The Fecal Microbiota Transplantation Workgroup (an international group of clinicians with significant experience in FMT) published guidelines for testing donors in 2011.5 They recommended serum testing for HIV, syphilis, and viral hepatitis, and stool testing for ova and parasites, common enteric pathogens, C. difficile, Giardia, Cryptosporidium, Cyclospora, and Isospora. Other authors have suggested testing donor stool more specifically for Blastocystis hominis and Dientamoeba fragilis, and testing donor serum for antibodies to human T-cell lymphotropic virus, cytomegalovirus, Epstein–Barr virus, Strongyloides stercoralis, and Entamoeba histolytica.6
Monitoring Health Status
Kunde et al reported that they did not observe any serious adverse effects that they believed were caused by the intervention.

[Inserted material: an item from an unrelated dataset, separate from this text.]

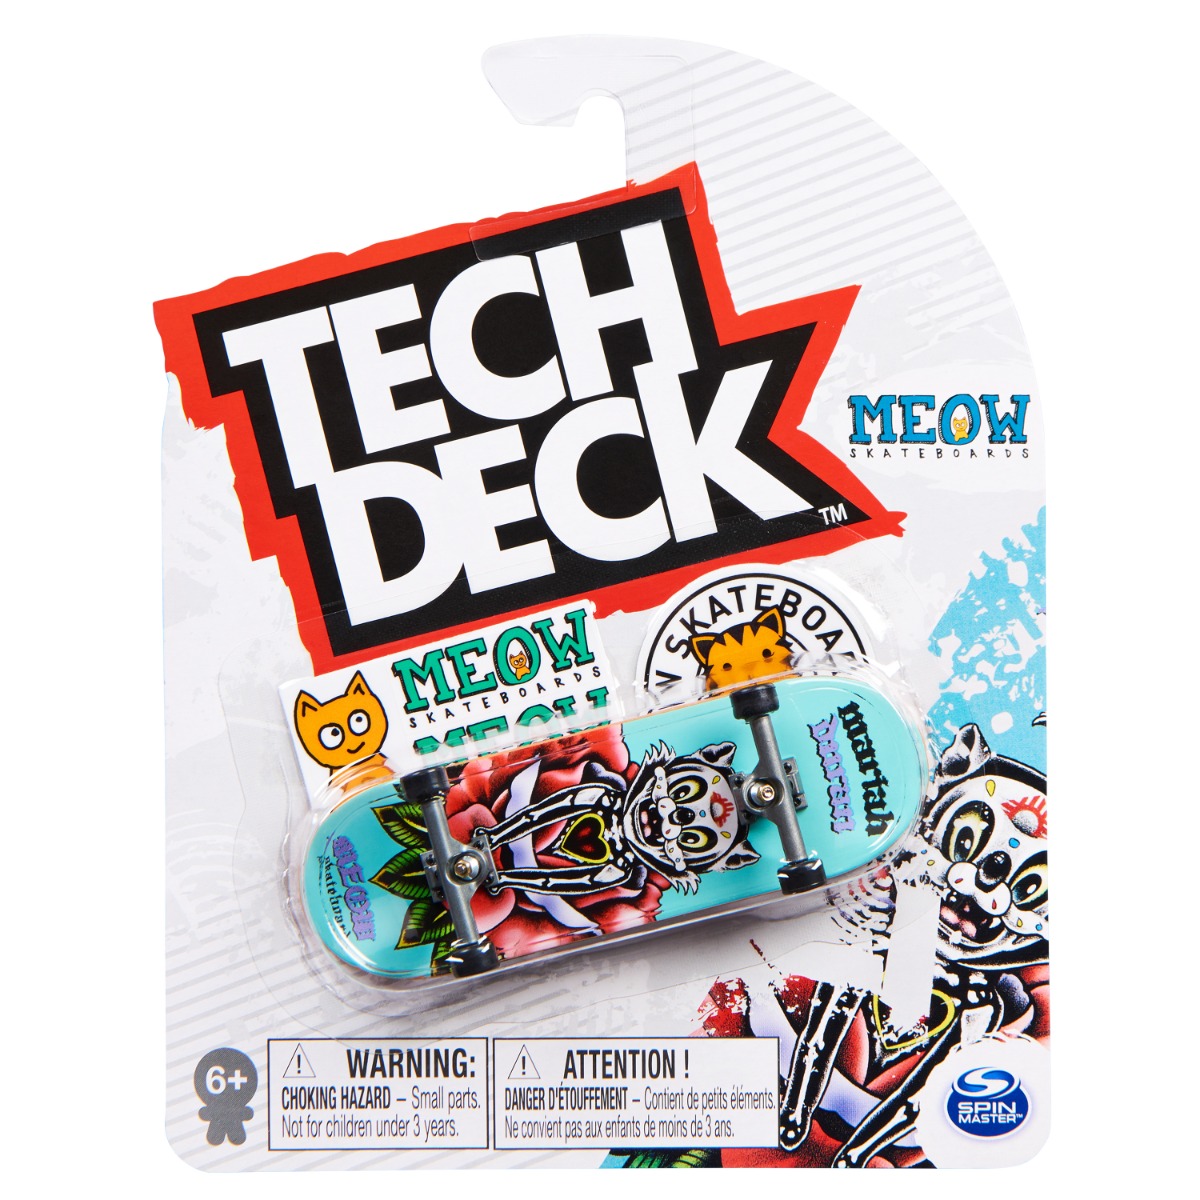 Mini placa skateboard Tech Deck, Meow Mariah Druan, 20141231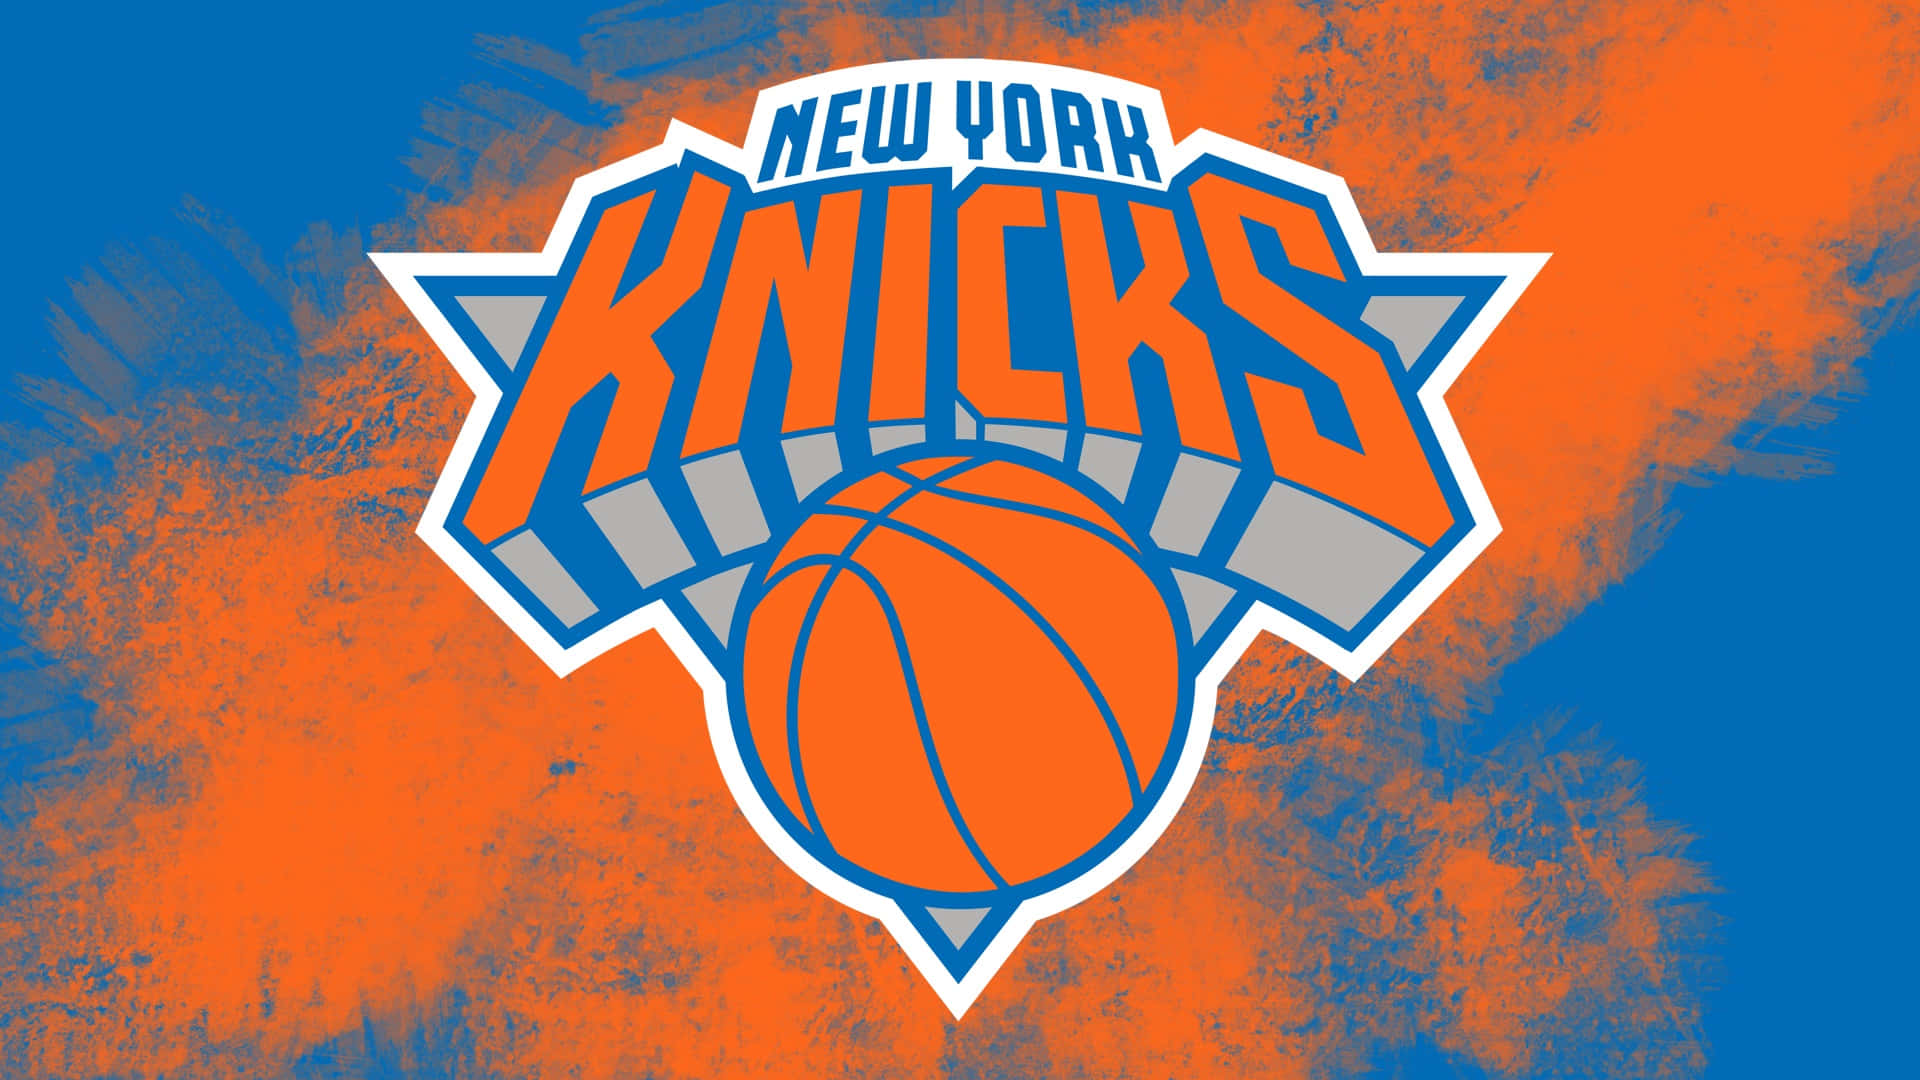 Visdin Knicks-stolthed. Wallpaper

They did observe a febrile response in 2/10 patients who received the intervention, 1 of whom was administered antipyretics. Clinicians should alert patients with inflammatory bowel disease who are self-administering FMT to be aware of a potential febrile response so the clinician can suggest treatment if indicated.
As of this writing, clinicaltrials.gov lists 9 FDA-approved clinical trials studying FMT for C. difficile infection, as well as 7 trials studying FMT for inflammatory bowel disease (not counting Kunde’s completed study), and 1 studying FMT for diabetes.7 As safety and efficacy data becomes available, the FDA may approve FMT for certain indications, and clinicians may have the liberty to use FMT outside of the context of FDA-approved clinical trials. This could include continued support for patients self-administering FMT at home, as well as clinician-supervised donor testing, donor stool collection, fecal slurry preparation, and fecal slurry administration via enema, rectal tube, colonoscope, or nasoduodenal tube.